▸ DATA RECORDS
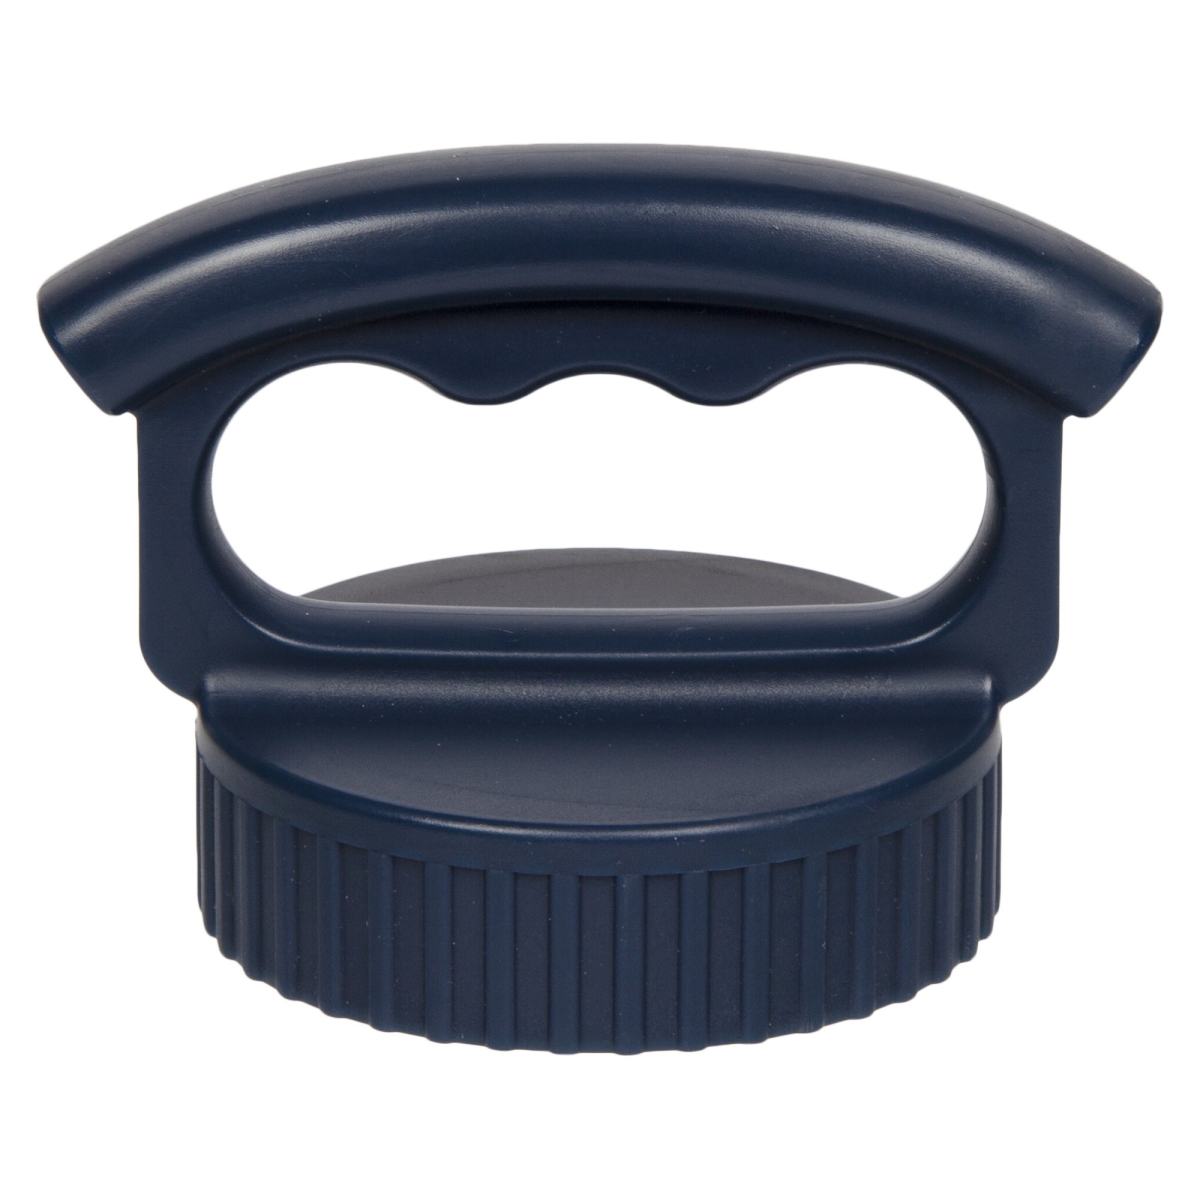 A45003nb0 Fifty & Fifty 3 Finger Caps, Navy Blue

...

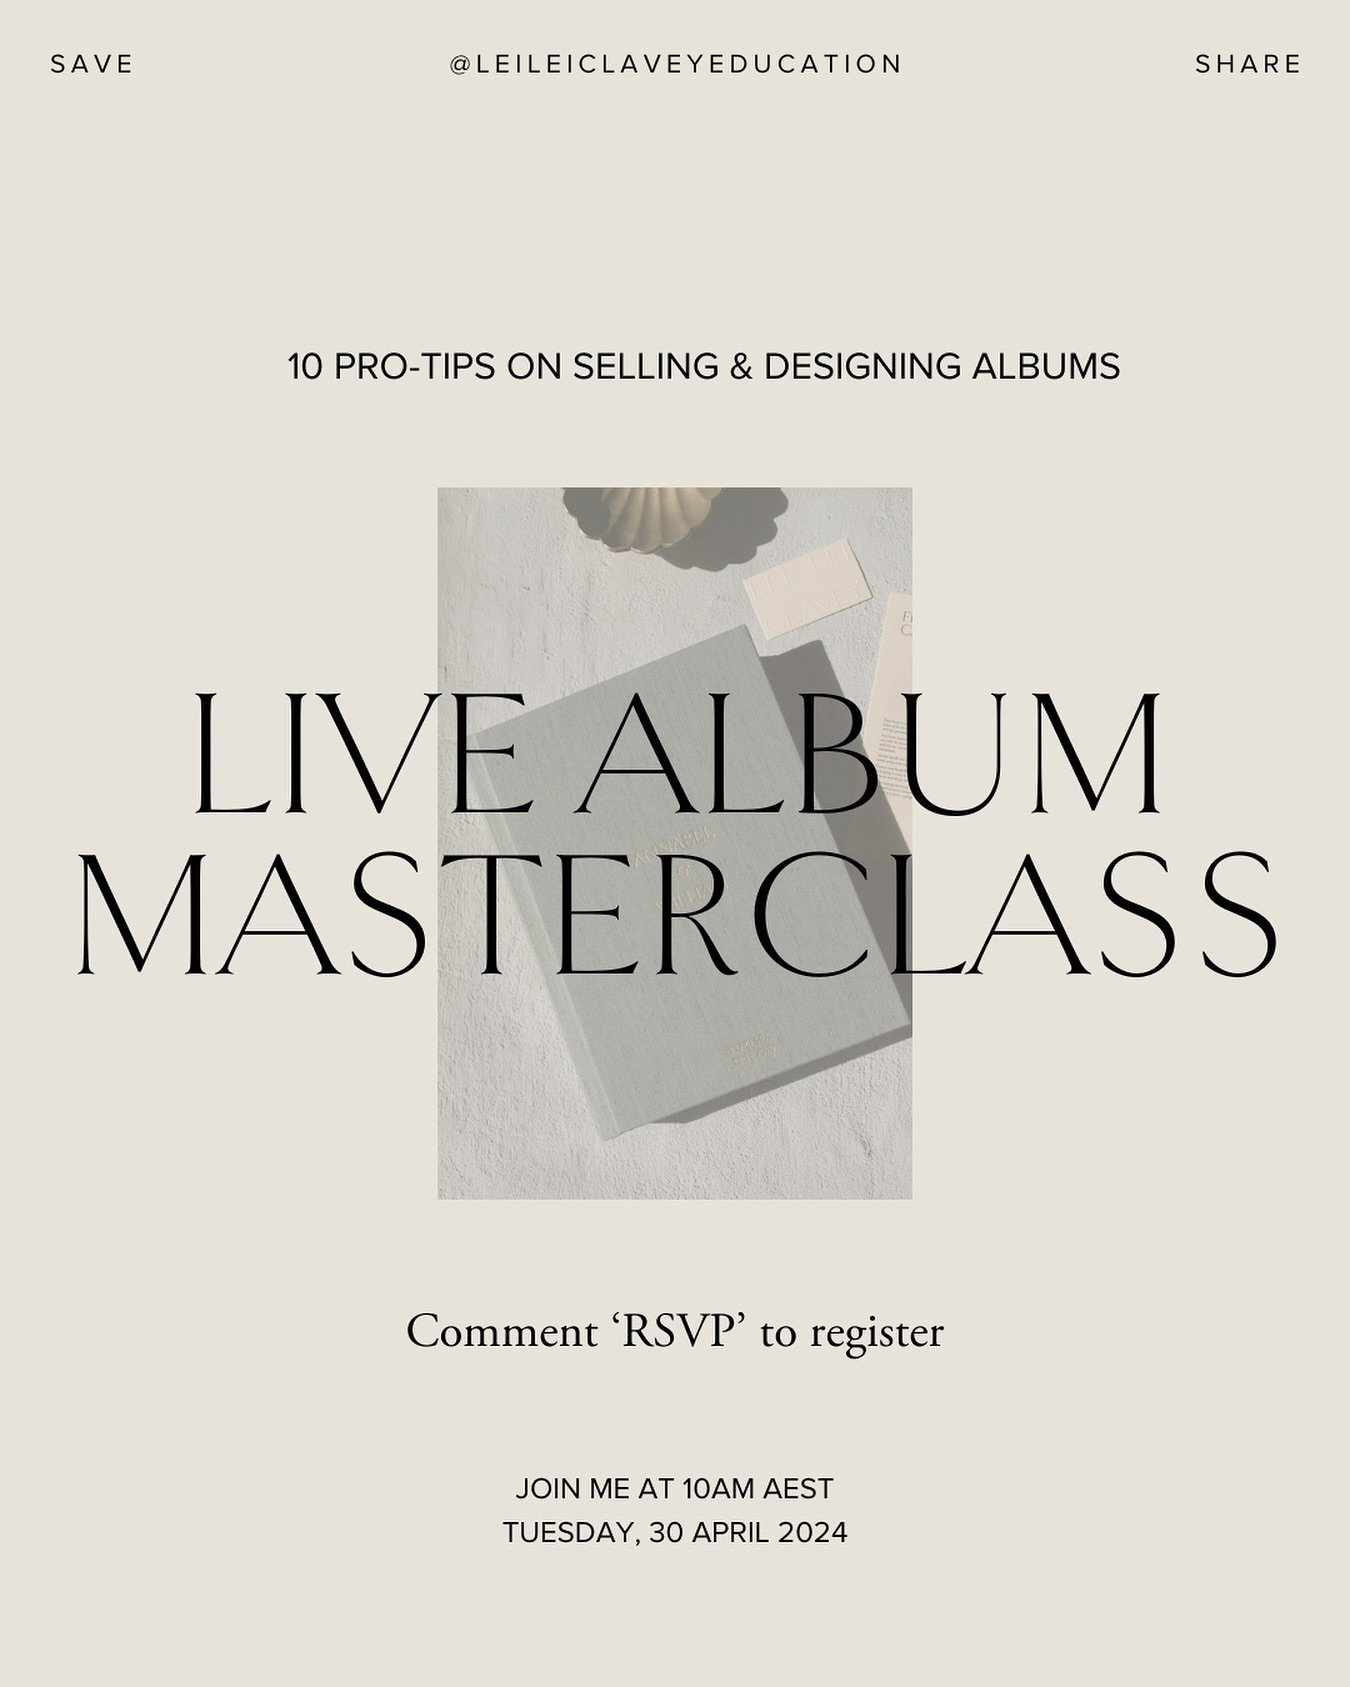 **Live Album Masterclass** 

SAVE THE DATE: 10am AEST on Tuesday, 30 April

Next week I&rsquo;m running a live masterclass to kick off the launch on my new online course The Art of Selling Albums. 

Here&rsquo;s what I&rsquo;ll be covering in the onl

▸ REQUIRED WORK
If a line of the data holds the string "rsquo", count it. Then state the total and nothing more.

▸ WRITTEN ANSWER
2